My points here are that even under the best optimizing compiler
following 100% safe optimizations will never have a problem with the
original posters code. There is no need to use volatile, it provide no
benefit and will impact correct optimizations within code making use of
the variable.
David seems to be thinking ahead into the realms of CPUs that have not
been invented yet. I'm don't give two hoots about those CPUs and I
certainly wouldn't waste brain cells trying to make my code portable to
a piece of hardware that does not exist.
On 3/27/07, David Schwartz <[EMAIL PROTECTED]> wrote:
> > For POSIX threads, the result of reading a variable in one
> > thread while it
> > might be modified in another thread is undefined. Line 1289 and
> > 1290 should
> > be removed.
> Not this old chestnut again.
Like it or not, it's a fact.
I would disagree. Its merely your opinion; and in my opinion your
understanding of C, CPU architecture, CPU cache cohearancy and memory
access isn't as good as you think it is.
You did point out a scenario that was not at all relevant to the
situation in the code of the original post.
Of course, that's because those CPUs don't exist yet. But I expect
code that
I write and compile today to work on future CPUs because I don't rely on
guarantees I don't actually ahve.
LOL. Hey that trans-wrap-cpu which converts charged ions into bits uses
an equally spartan language better able describe all those new features
it brings to the party.
Umm, what CPU? *Every* CPU OpenSSL does or might ever run on? And that
would
have to include every compiler OpenSSL does or might support, because the
compiler can change things around too.
I already pointed out the hows and whys the compiler CAN NOT change
anything around in the situation embodied in the original post.
> The function entrance, the "return" and the "CRYPTO_w_lock()" calls all
> act as the correct memory barriers with regards to compiler
> optimizations and load/store rescheduling concerns. Even if the
> CRYPTO_w_lock() is a macro or inline, since the writer would have been
> sure to insert the correct barriers if he chose to implement
> CRYPTO_w_lock() as a macro/inline.
Where is that documented or guaranteed? You mean that they *happen* to be
barriers on the platforms you have used. You have no idea what the next
version of GCC might do. We are talking about saving *NOTHING* here.

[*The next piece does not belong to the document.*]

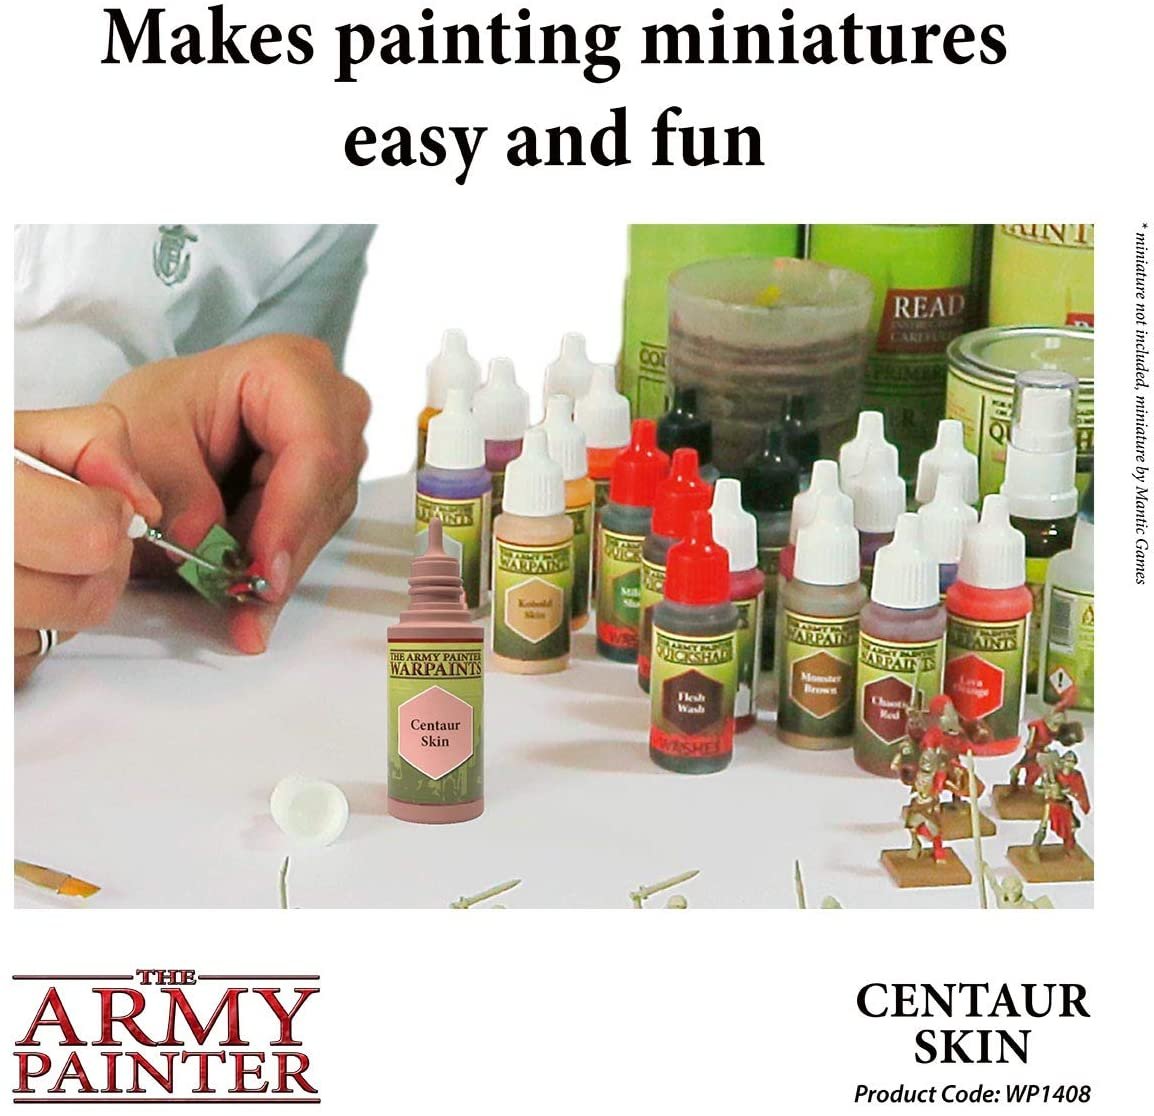 The Army Painter - Warpaints: Centaur Skin (18ml/0.6oz)

Its documented in the multi-CPU erratum for each CPU that can be wired
up to access the same memory.
There are different levels to the entire problem area, there is the
electrical and timing of the memory bus access to the same memory
location, there is the area of CPU cache and shared CPU cache
cohearancy. There are all documented for each architecture.
Then there is the area of the C language optimizing compiler. Which is
less documented as its the language constructs which are documented
rather than the optimization.
The barriers being discussed in this point are those for the compiler
that affect code generation and how load/store operations are managed.
But in principle the C language is a sequential language, that means the
observable order of events that occurs is STRICTLY in the order laid out
in the source code. Any optimization that defies that basic principal
is a bug.
The problem occurs after the beginning of the function. If the compare is
done on a cached copy in a register. Look at this example:
if (variable!=NULL)
{
free(variable);
variable=NULL;
}
This could easily be optimized to (cached_copy is a register or other
fast
place to store data):
int cached_copy=variable;
if(cached_copy!=NULL)
{
acquire_lock();
cached_copy=variable;
free(cached_copy);
cached_copy=NULL;
variable=cached_copy;
release_lock();
}
else variable=cached_copy;
If you think this cannot happen, I defy you to explain to me why. What
standard or guarantee is being violated? How can POSIX-compliant or
C-compliant code break with this optimization? How can you say it can
never
be faster?
I presume in this example the variable 'cached_copy' is not a real
variable (as in it does not exist in the original C source) but a
compiler generated variable during the optimization process.
It can not happen because when the compiler makes a function call to
acquire_lock() (in the o/p this is "CRYPTO_w_lock();" by definition of C
language it can not hold onto "cached_copy" over that function call,
because the compiler can't work out at compile time if the function
acquire_lock() has a side effect which could modify 'variable'. This is
standard stuff for any compiler to be consistent with observable order
of execution.
Then the argument would naturally lead into, well what if
acquire_lock()/CRYPTO_w_lock() is not a real function but a macro or
inline. To that argument I already mooted that any thread mutex
function designer using macro or inlines would already we well aware of
the gotchas in that situation. He would use an appropriate compiler
memory barrier to ensure correct behavior (I can probably cite examples
of real life code which does exactly this).
> The example you cite is not valid for line 1289 and 1290. The only
> write operation to 'ssl_comp_methods' occurs inside the locked region
> and after the text condition has been re-evaluated.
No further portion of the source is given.